Exercise brief: Every line from the one with "Auburn running back" to the end of the listing, and nothing else, is to be printed exactly; please leave the pictures out.

Given data:

· · ·

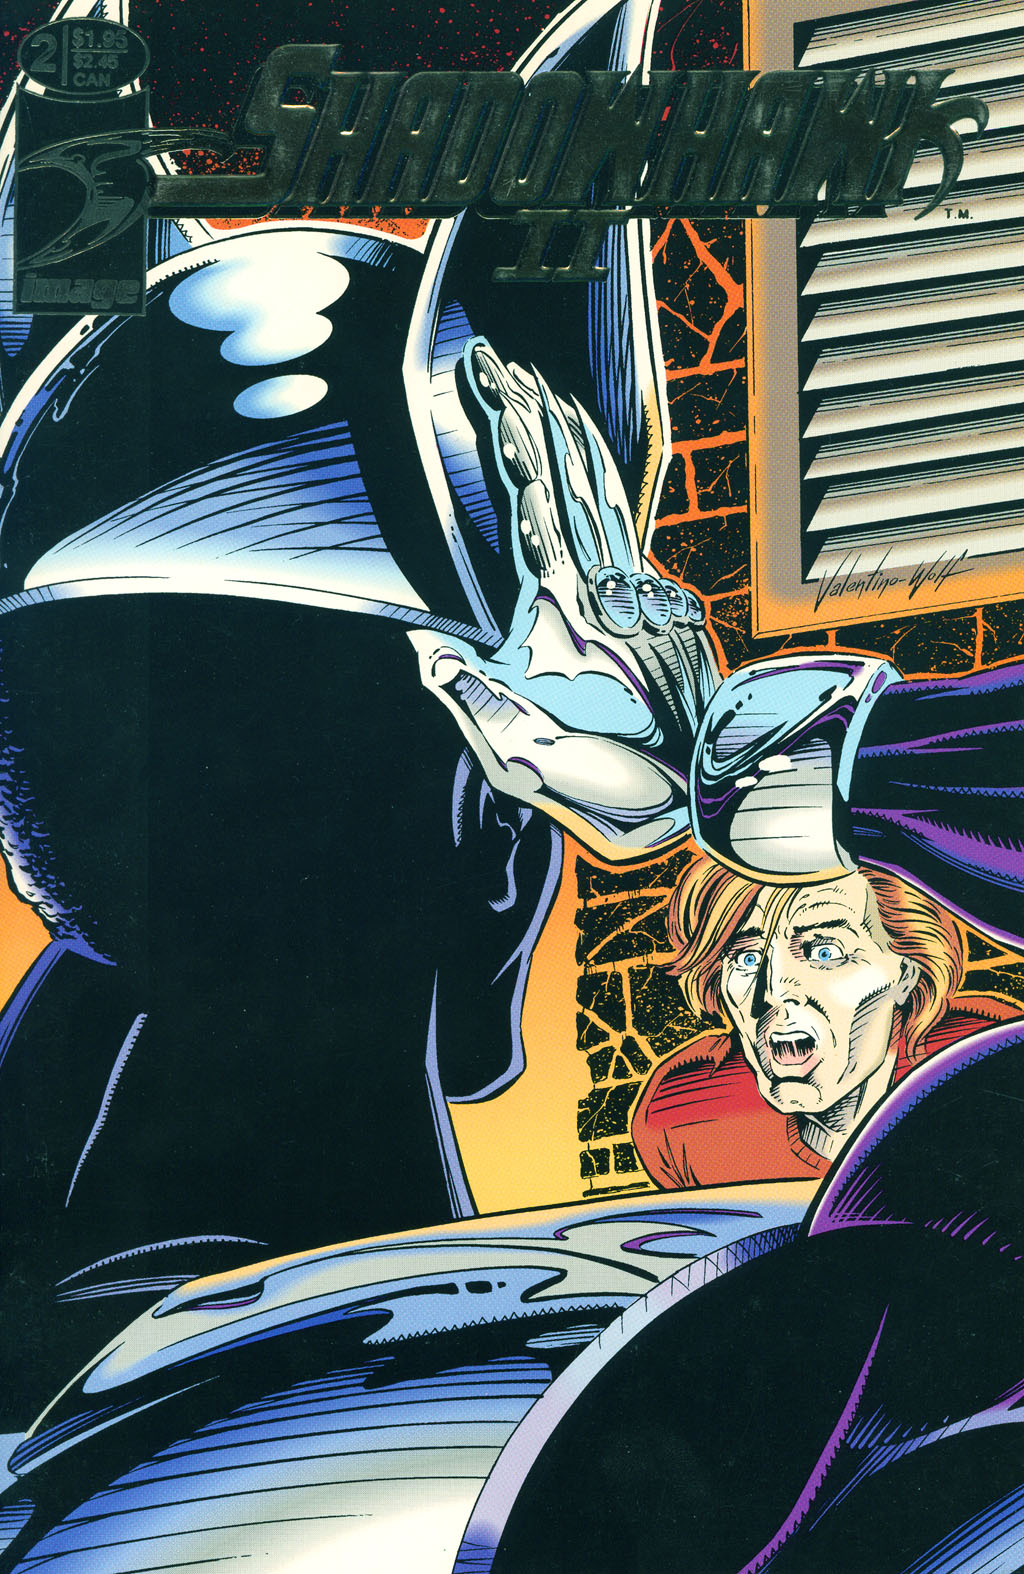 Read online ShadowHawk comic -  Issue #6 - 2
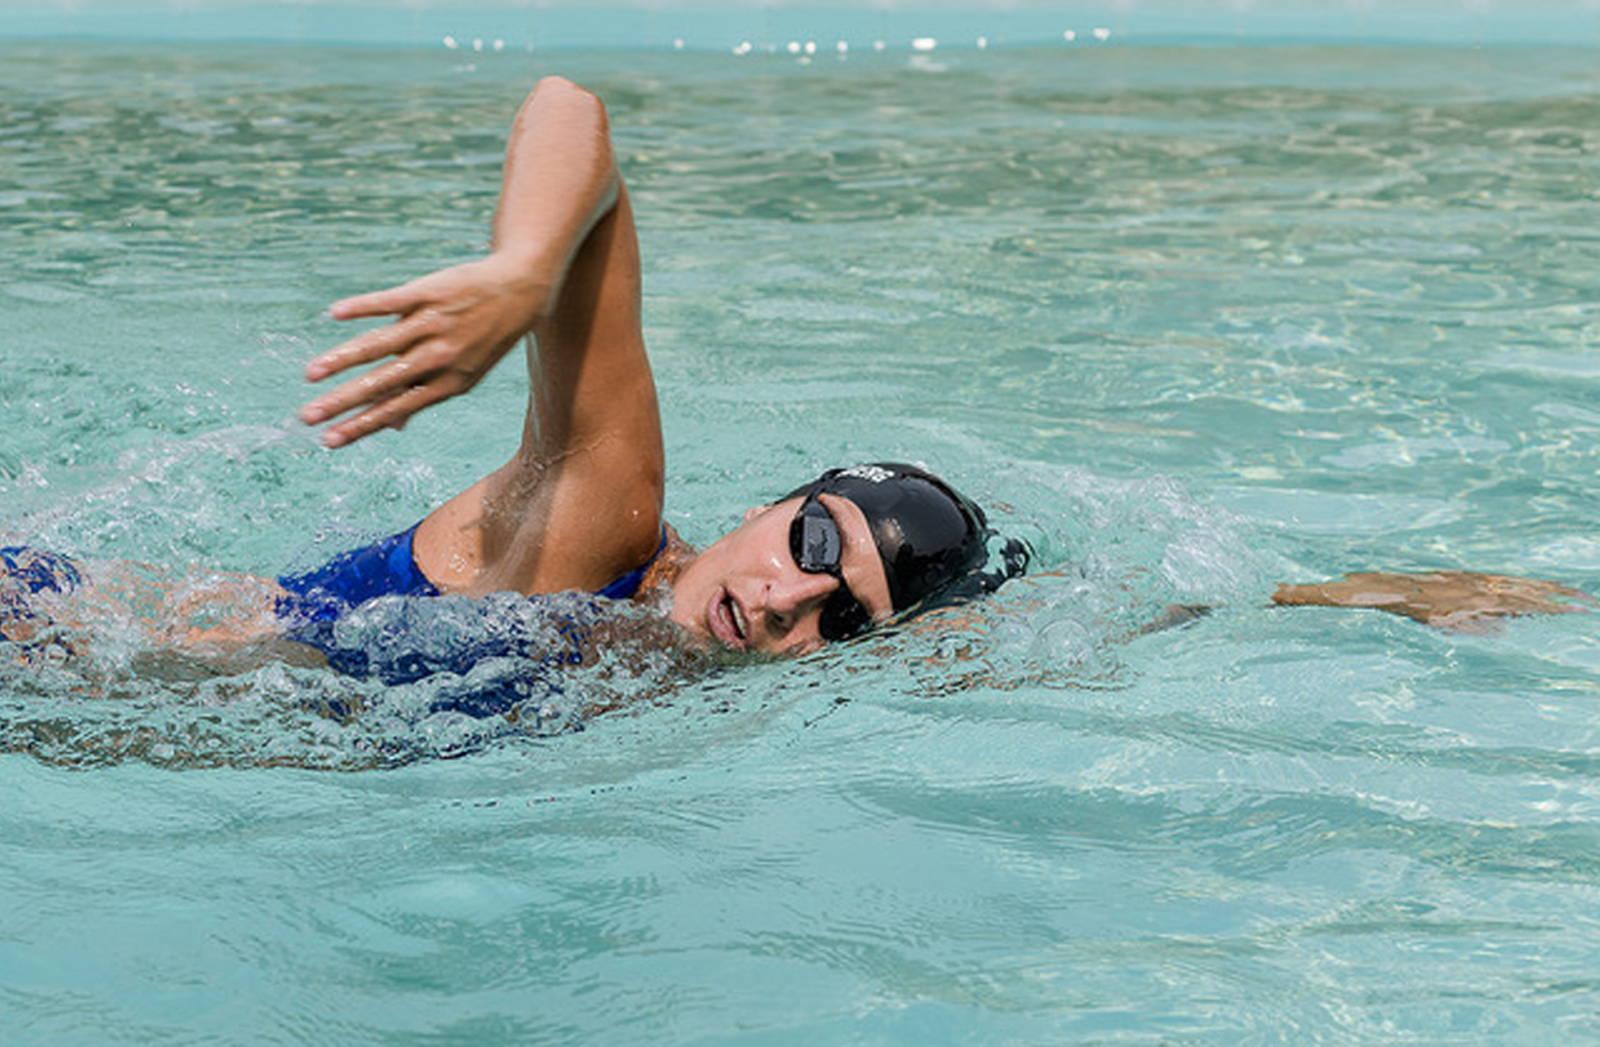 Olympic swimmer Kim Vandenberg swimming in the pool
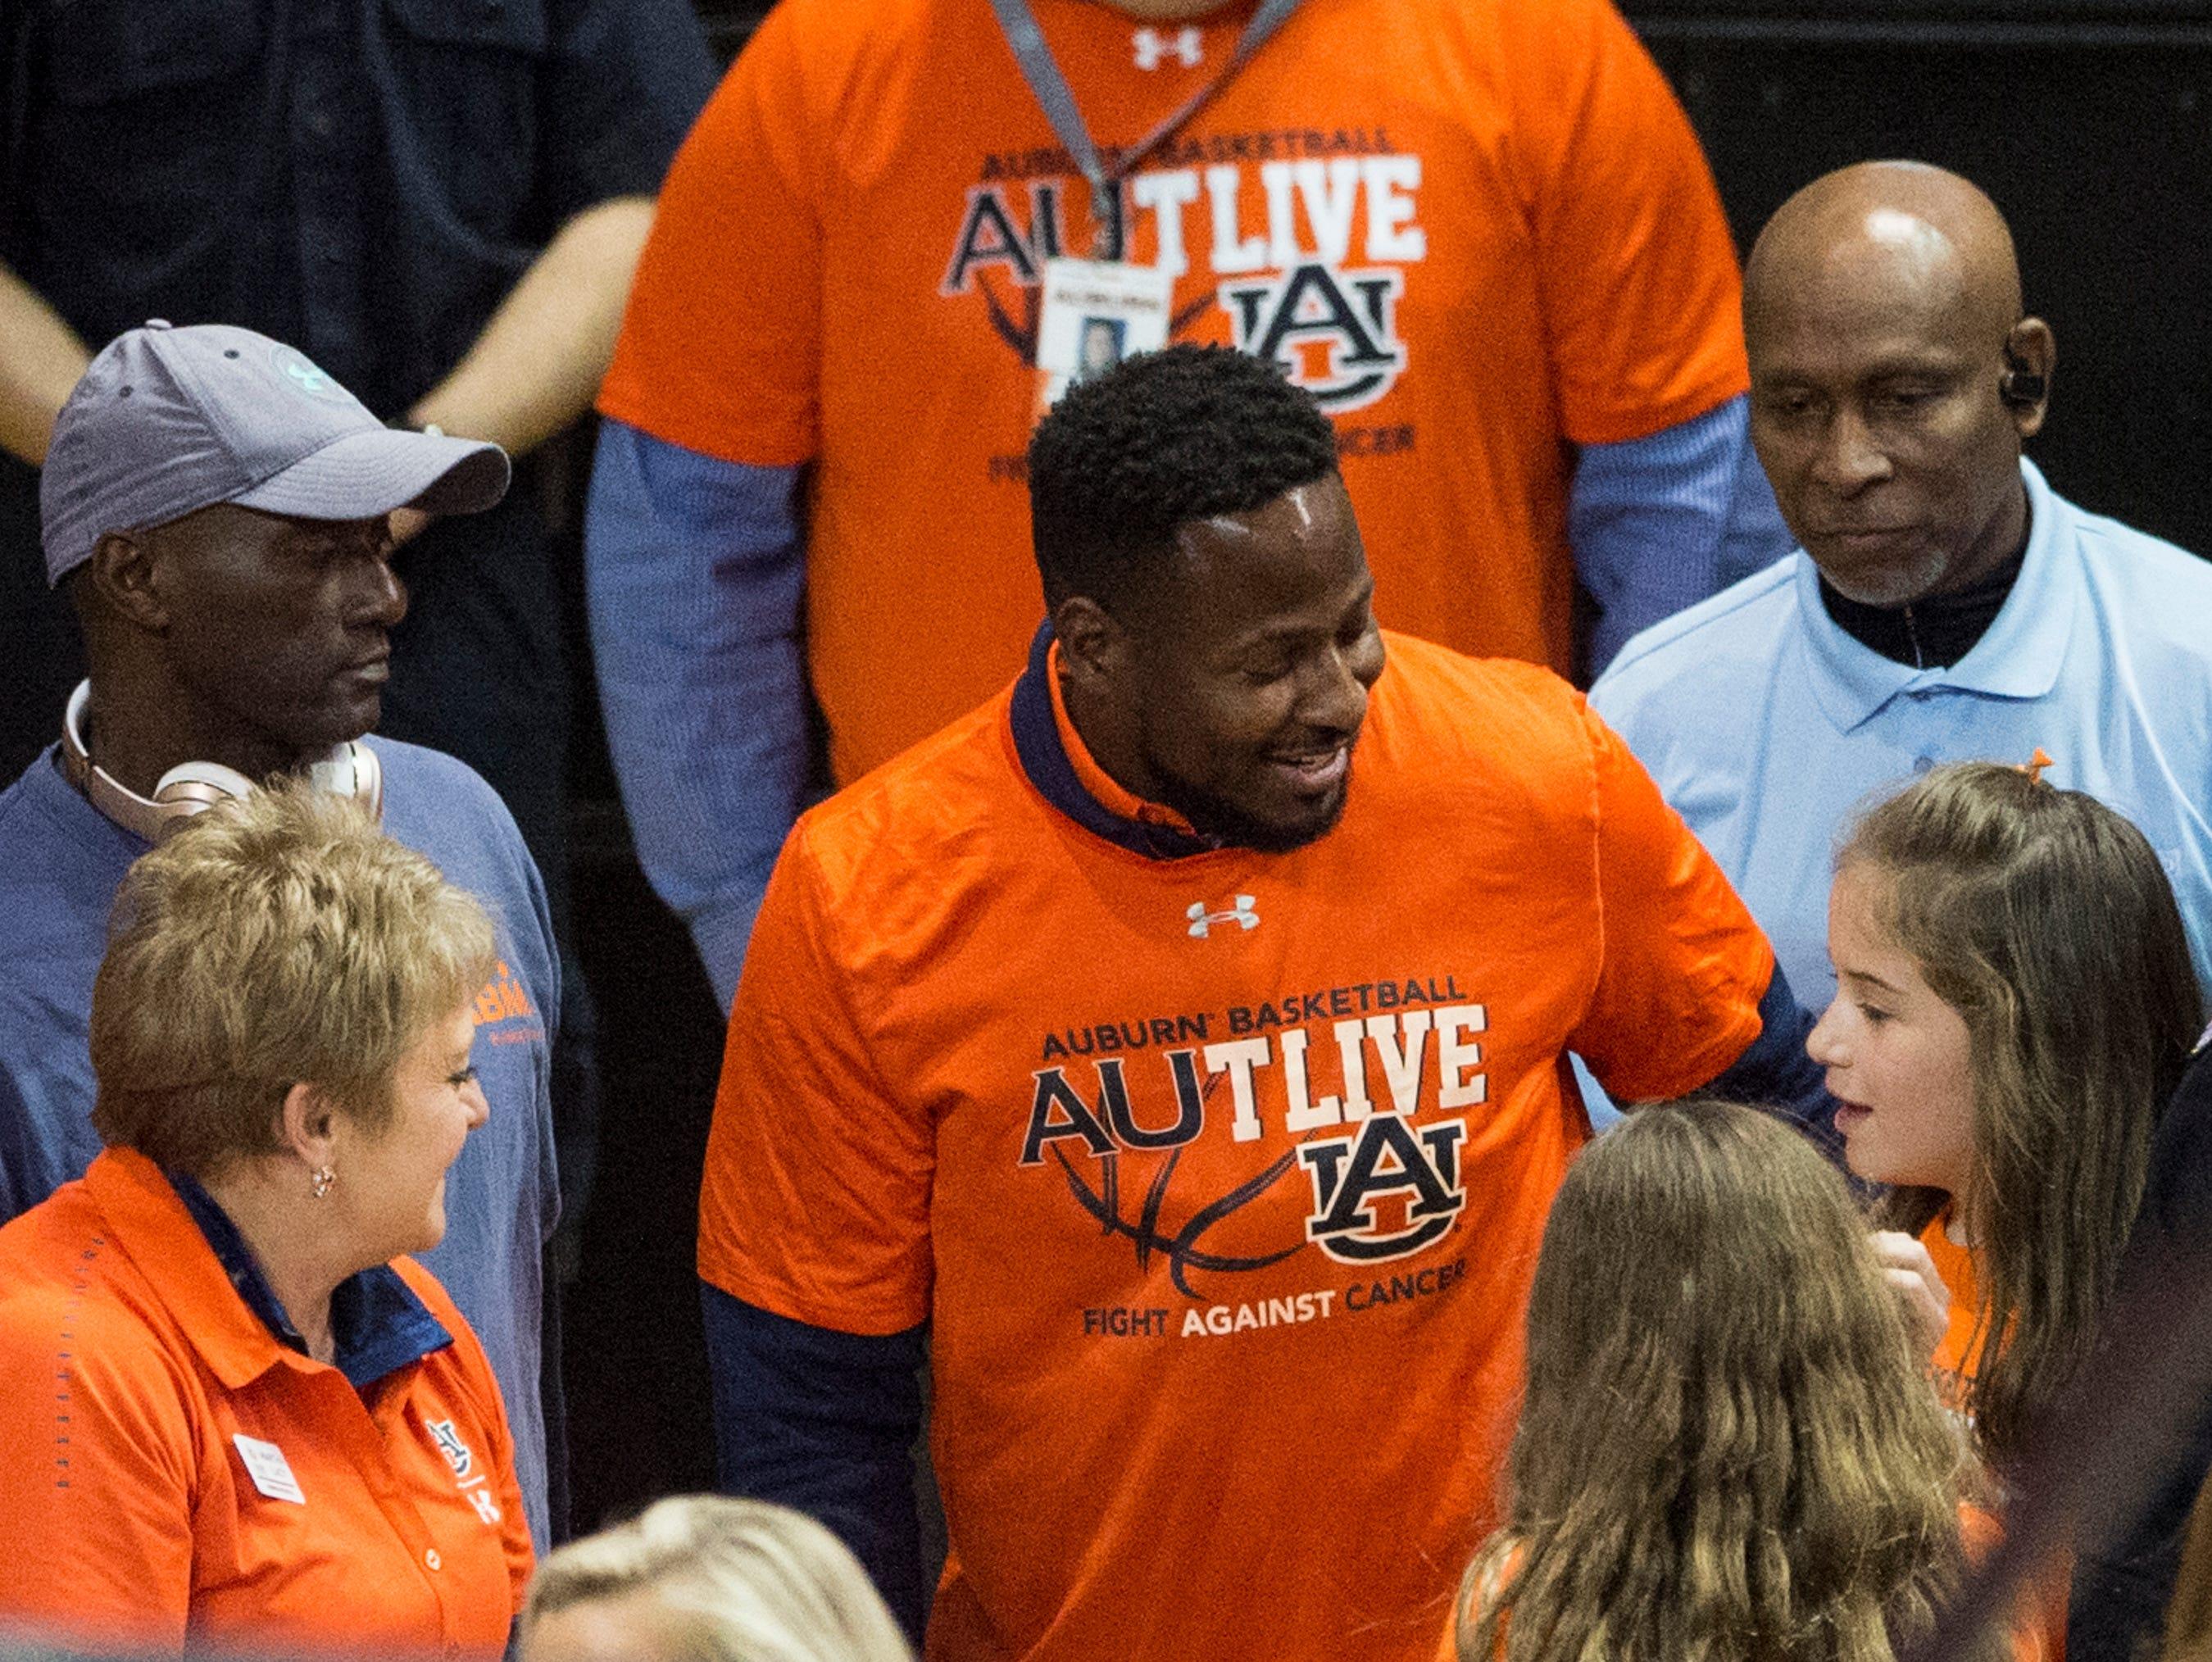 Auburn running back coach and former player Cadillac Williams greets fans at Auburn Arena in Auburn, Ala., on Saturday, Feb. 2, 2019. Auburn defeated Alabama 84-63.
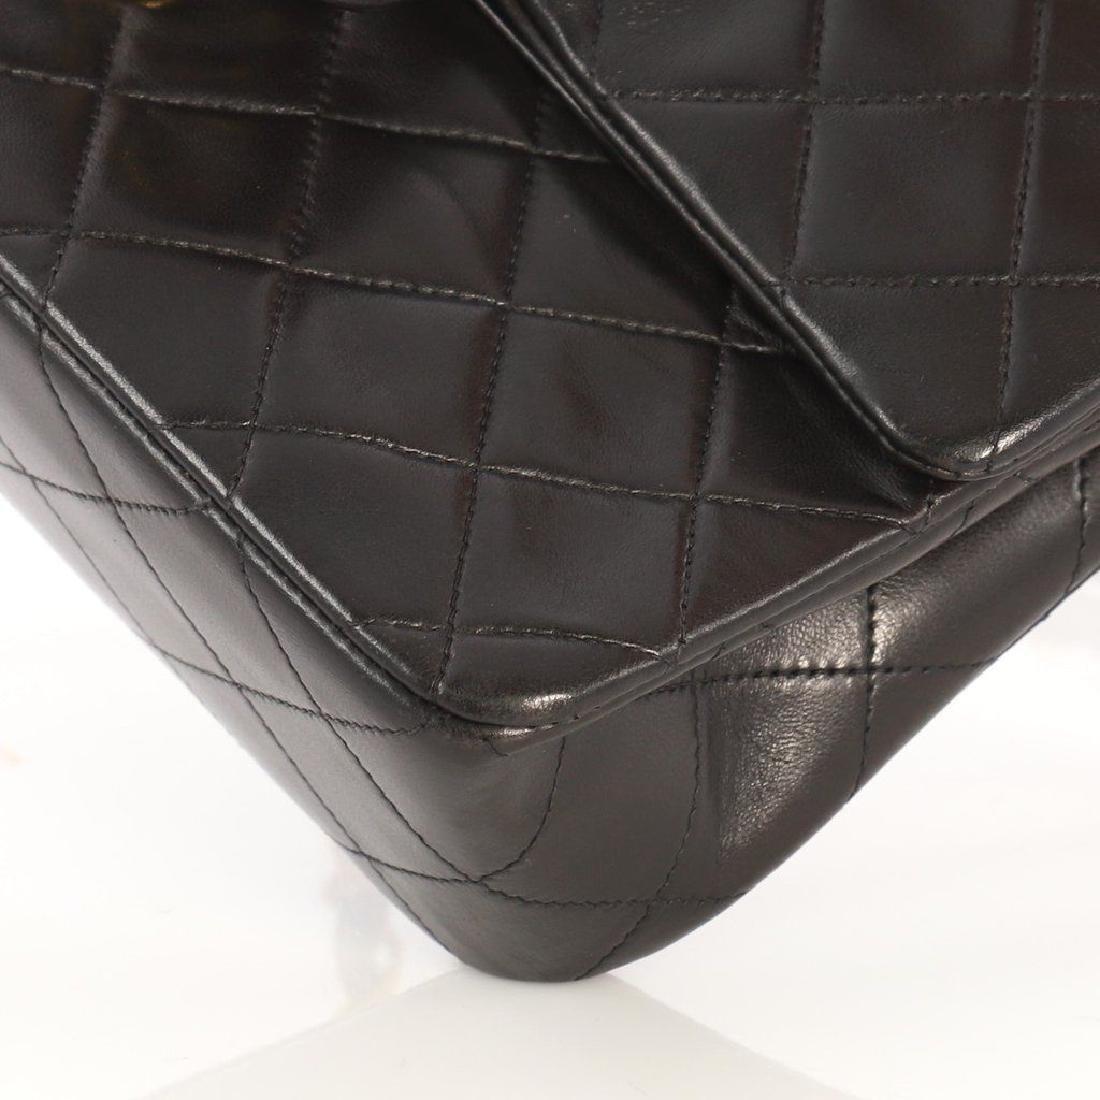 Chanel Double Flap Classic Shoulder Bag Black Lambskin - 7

· · ·

Task solution:
 Auburn running back coach and former player Cadillac Williams greets fans at Auburn Arena in Auburn, Ala., on Saturday, Feb. 2, 2019. Auburn defeated Alabama 84-63.
 Chanel Double Flap Classic Shoulder Bag Black Lambskin - 7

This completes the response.